Следующий на очереди

   Прихватив второе мачете, я вылез на причал и привязал моторку. Страх все еще разбирал меня, так что, пробегая по причалу, я не отважился обернуться и посмотреть на бухту. Не посмел этого сделать и когда торопливо семенил по густой траве к задней части особняка.
   Как-то чересчур странно все это произошло, черт возьми!
   Да и убивать никогда прежде мне не приходилось.
   Смерть Тельмы вызвала у меня противоречивые чувства.
   То, что я оборвал человеческую жизнь, уже само по себе было достаточно плохо. Вдобавок еще и жизнь женщины. Не пристало обижать женщин, тем более убивать их. К тому же она была сестрой Кимберли, и это меня еще больше смущало.

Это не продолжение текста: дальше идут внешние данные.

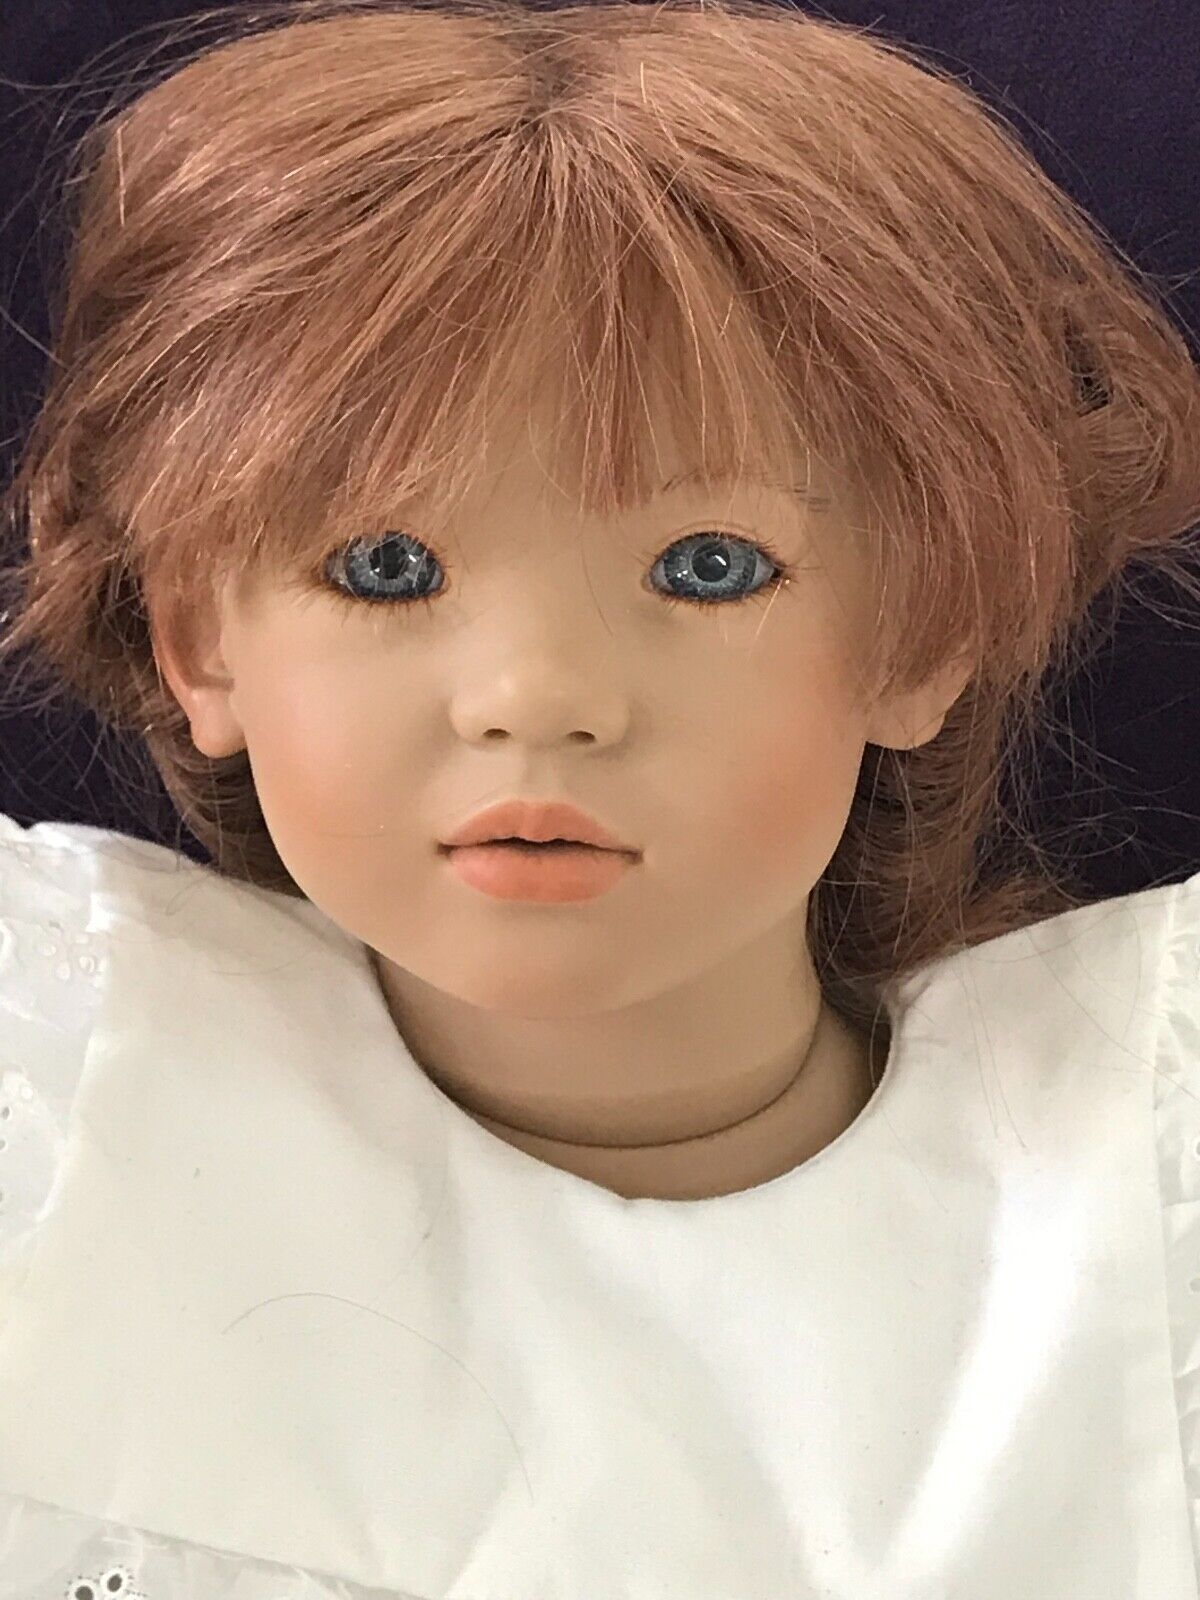 VTG 1991-92 Liliane by Annette Himstedt a Puppen Kinder doll w/box/COA by Mattel

   С другой стороны, разве Тельма не получила по заслугам? Примкнула к Уэзли, который убил ее собственного отца и мужа сестры, вместе с ним мерзко и гнусно надругалась над Билли, Конни и Кимберли. А еще и над этими детьми – Эрин и Алисой. Не говоря уже о том, что помогла Уэзли замордовать их родителей.
   Если и этого мало, так она и меня несколько раз пыталась убить – включая покушение у лагуны, которое едва не закончилось трагически для Конни. Мне чертовски повезло, что я до сих пор жив.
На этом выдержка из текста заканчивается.